In a large saucepan over medium-high heat, pour in some oil and sauté the onions for a few minutes (until they’re becoming translucent), then add the ground meat. Once the meat is well cooked, add the garlic and spices. Mix well and cook until fragrant.
Break up your lasagna noodles into pieces.
Add tomato sauce, chicken broth, diced tomatoes, tomato paste, sugar and noodles. If vegetarian, add meat substitute now. Use medium-high heat to bring to a boil, then reduce heat to low-medium to simmer until pasta is tender, stirring occasionally, about 20 to 30 minutes.
Once the pasta is cooked, add cheese mix.
Serve in a bowl and add grated parmesan cheese and fresh basil to your heart’s content.
To prepare in slow cooker:
Follow steps 1 & 2 as outlined in stove-top instructions.
Add tomato sauce, chicken broth, diced tomatoes, tomato paste, and sugar. If vegetarian, add meat substitute now. If set to high, cook for 4 hours. If set to low, cook for 8 hours.
30 minutes before the soup is ready, add broken noodles and top with cheese mixture.
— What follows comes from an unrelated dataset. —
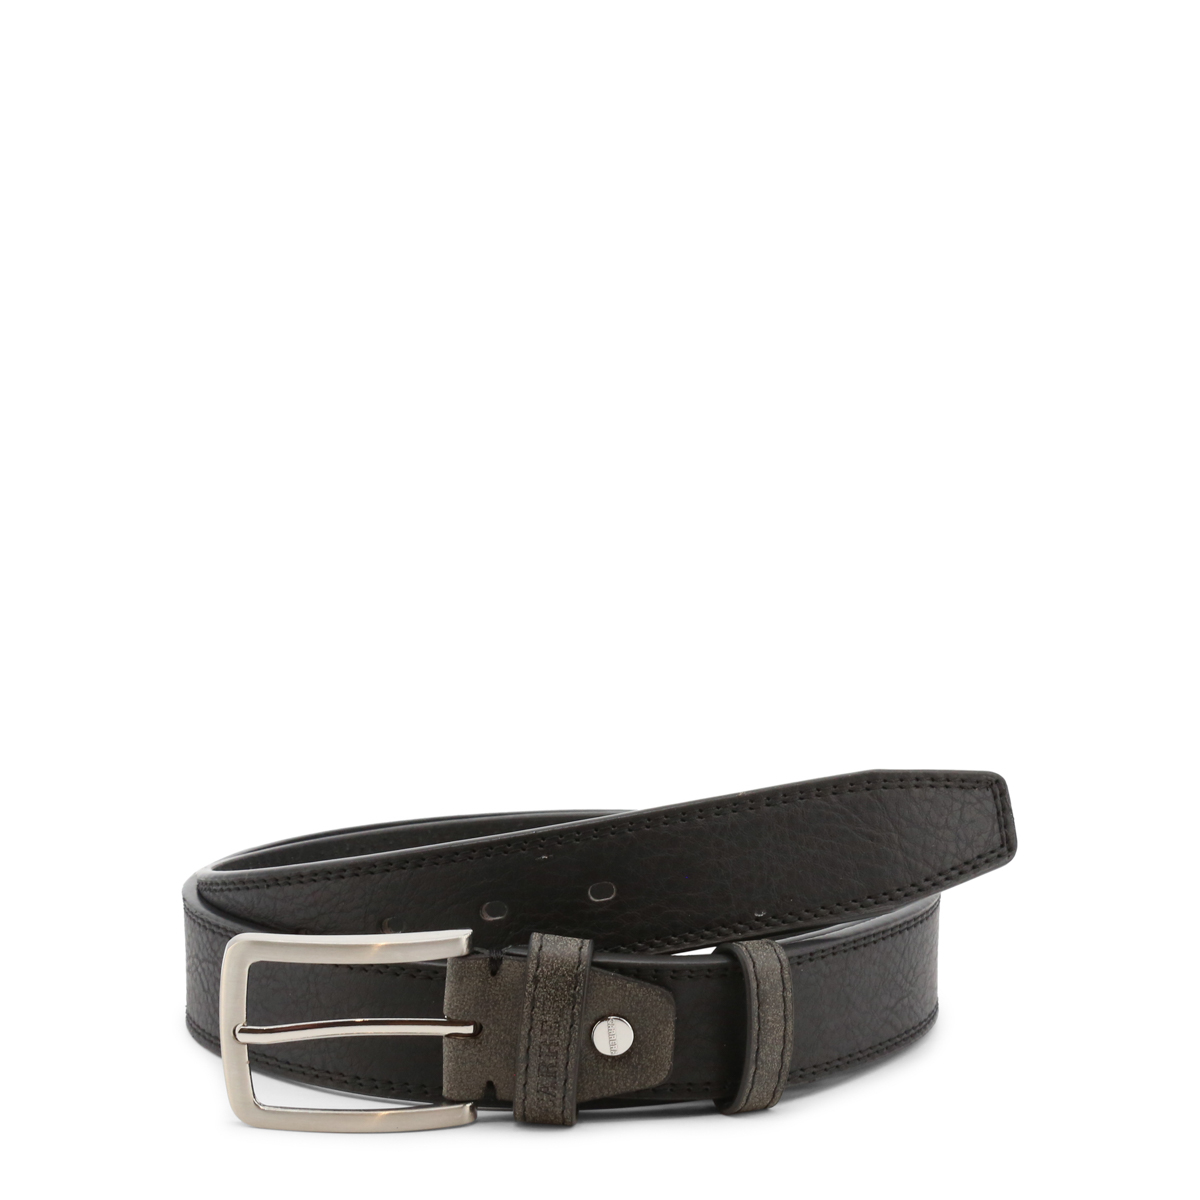 Carrera Jeans Black Belts for Men - GROUND-CB7721

Serve in a bowl and add grated parmesan cheese and fresh basil to your heart’s content.
Notes
Remember: if you plan on freezing this dish omit the pasta noodles. Instead, cook the soup without noodles, freeze it, and then when you’re ready to eat it, thaw the soup, cook the noodles, mix the soup and noodles together, and serve immediately.